Traditional Culture Encyclopedia - Traditional stories - Target detection: introduction of YOLO and SSD
Target detection: introduction of YOLO and SSD
Commonly used target detection frameworks can be divided into two categories. One is the two-stage/two-trigger method, which is characterized by separating the detection and classification of the region of interest. Representative ones are R-CNN, FAST R-CNN and Fast R-CNN. The other is one-stage/one-time method, which uses a network to detect and classify regions of interest at the same time, represented by YOLO(v 1, v2, v3) and SSD.
The two stages appear earlier because it needs to separate the detection and classification of the region of interest. Although the accuracy is relatively high, the real-time performance is relatively poor, which is not suitable for application scenarios such as autonomous driving and unmanned vehicle perception. So this time we mainly introduce SSD and YOLO series framework.
SSD and 20 16 were put forward by W. Liu et al. in the article SSD: Single Multi-box Detector. Although it was put forward a little later than YOLO(v 1) in the same year, it is faster and more accurate.
The framework of SSD adds some additional structures to a basic CNN network (the author uses VGG- 16, but other networks can be used instead), which makes the network have the following characteristics:
Multi-scale feature map detection
The author added some characteristic layers after VGG- 16, and the size of these layers gradually decreased, which allowed us to make predictions at different scales. The deeper and smaller the feature map, the larger the predictable object.
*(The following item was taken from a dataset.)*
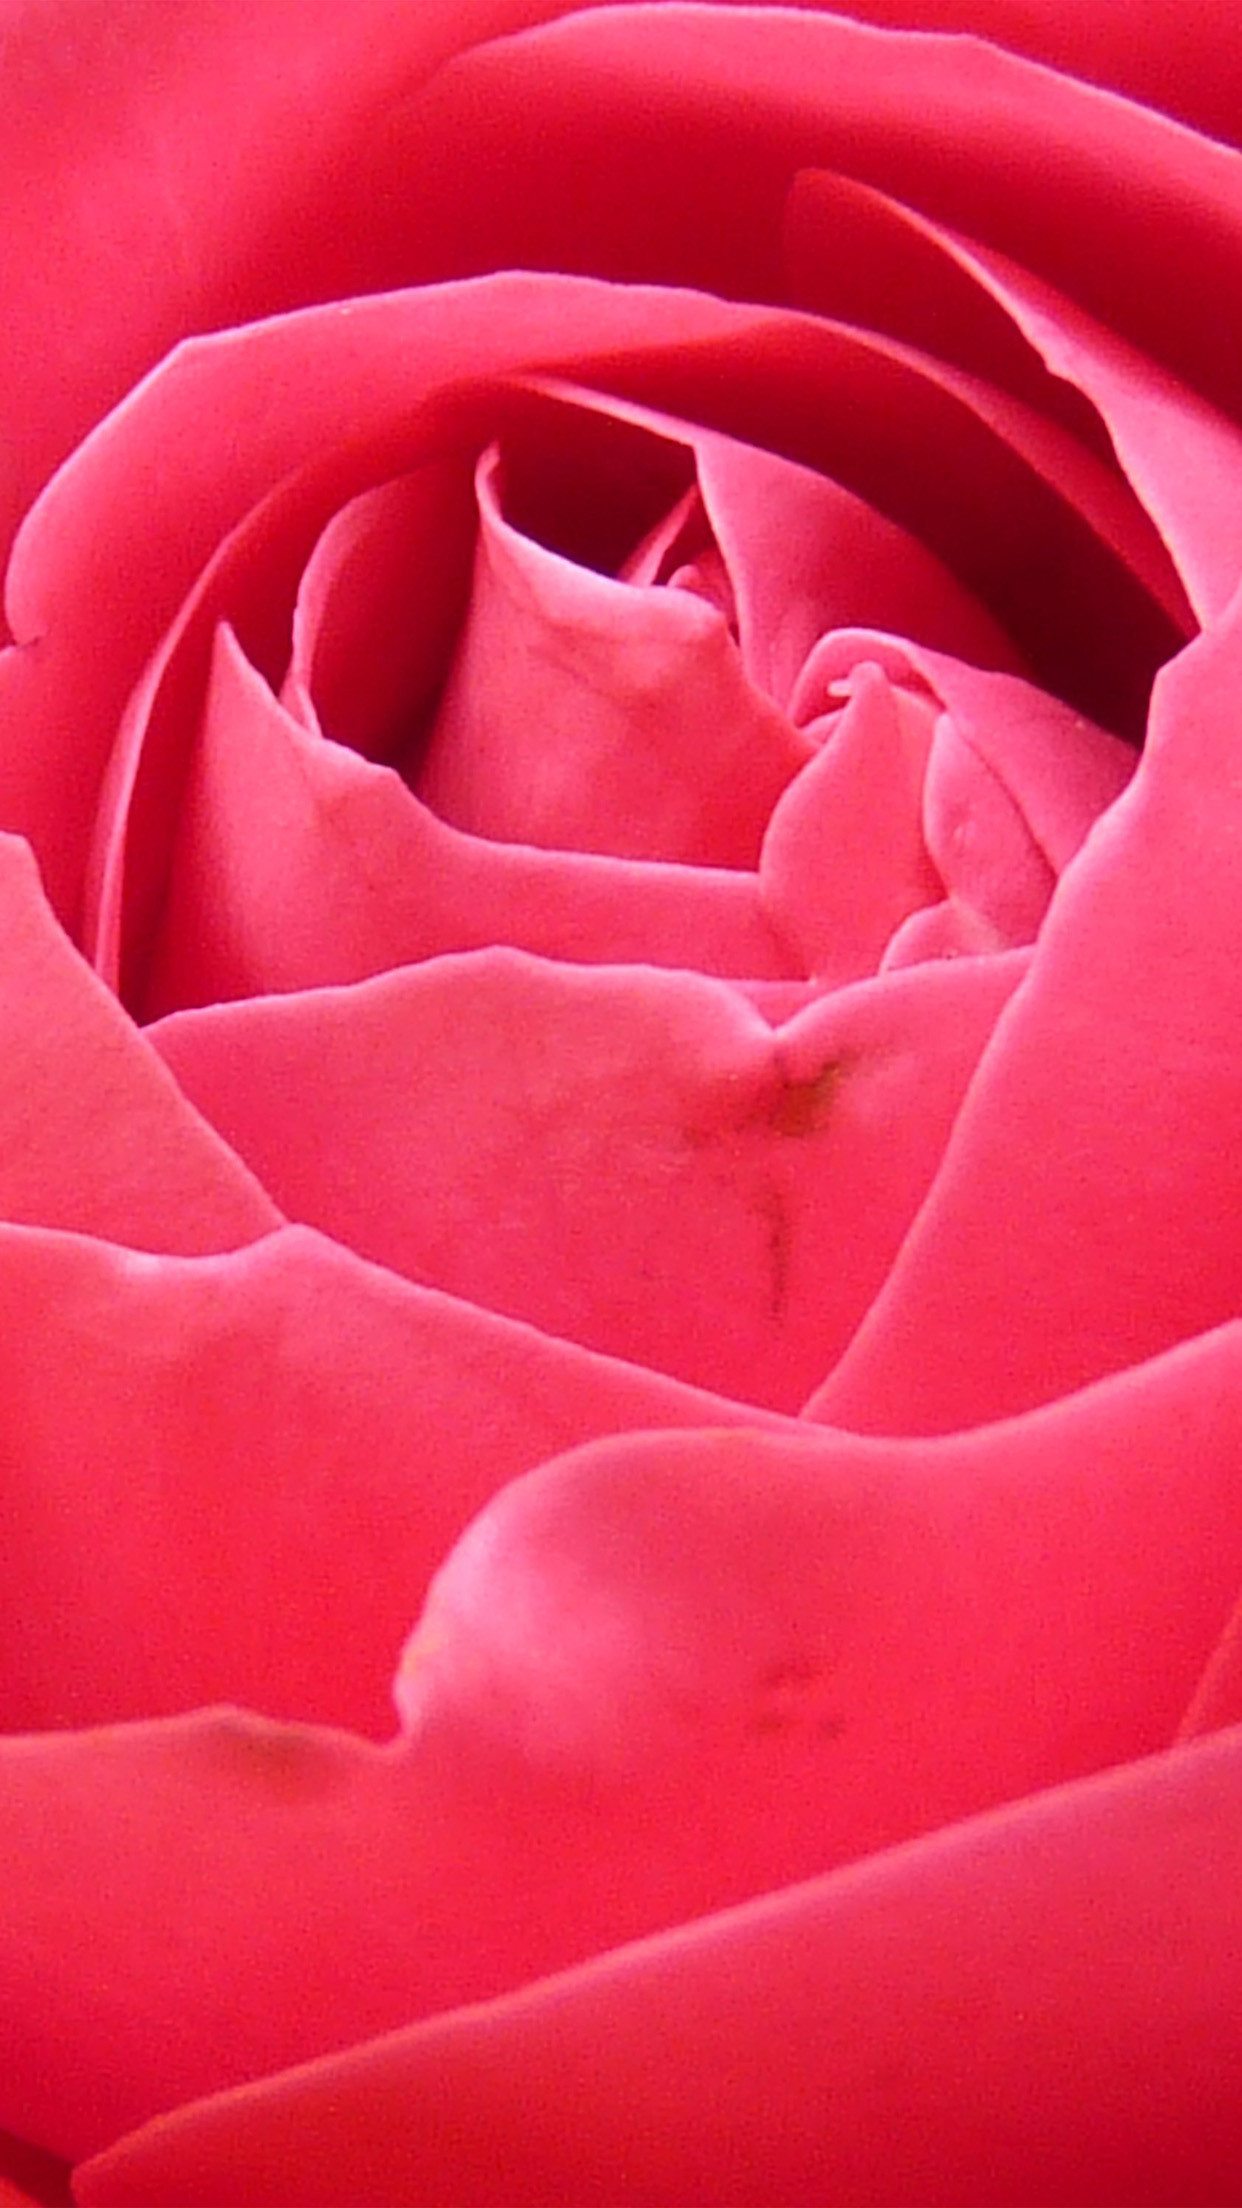 Roses Iphone 6 Wallpapers

Convolutional network prediction
Different from YOLO's fully connected layer, SSD classifier uses convolution to predict each channel feature map used for prediction, in which the number of prior frames placed in each cell is the number of prediction categories.
Set transcendence box
For each cell on the feature graph, we place a series of previous boxes. Then, for each previous frame corresponding to each cell on the feature map, we predict the dimension offset of the previous frame and the confidence of each category. For example, for a new feature map, if each feature map corresponds to a previous box and the category to be predicted is classified, the output size is. (reflected in the training process)
Among them, if the center position and width and height of the previous frame are used to represent the center position and width and height of the predicted frame, the dimension offsets of the actual prediction are respectively:
The following figure is a frame of SSD. First, the first five layers are convolved with a VGG- 16, and then a series of convolution layers are cascaded, in which six layers are convolved separately (or the average pool of the last layer) to predict, and the output of one is obtained, and then the final result is obtained through maximum suppression (NMS).
There are four characteristic graphs used for network detection, the sizes of which are,,, and; Each unit of these characteristic graphs corresponds to a preset prior box of,,, and, so the network * * * predicts a boundary box, and the output dimension (before maximum suppression) is.
to be continued
Reference:
CSDN blog of chenxp23 1 1: Paper reading: SSD: single multi-box detector.
Xiaojiang Tiger Column: Target Detection |SSD Principle and Implementation
LittleYii's CSDN blog: target detection paper reading: YOLOv 1-YOLOv3 (1)
Other related articles of the author:
Image Segmentation: Full Convolution Neural Network (FCN) Detailed Explanation
PointNet: Detailed explanation of 3D point cloud classification and segmentation model based on deep learning
Vision-based robot indoor positioning
- Previous article:How to name a girl (traditional naming) unique and novel girl's name
- Next article:Character Honors of Zhao Tarim
- Related articles
- China Traditional Culture's Criticism of Classical Chinese
- Introduction of Jimei Xue Cun Scenic Spot in Xiamen
- Is the patent of traditional furniture true, Zhihu?
- Hukou Falls Best Snacks
- How many years is the depreciation period of office desks and chairs? How to calculate?
- Compared with the strategic-oriented KPI system, the purpose of general performance evaluation system is around ().
- Are there any delicious specialties on the rooftop?
- The process of the opening ceremony
- What are the interesting tourist attractions in Yibin?
- How about Jiangsu Shengping Supply Chain Management Co., Ltd.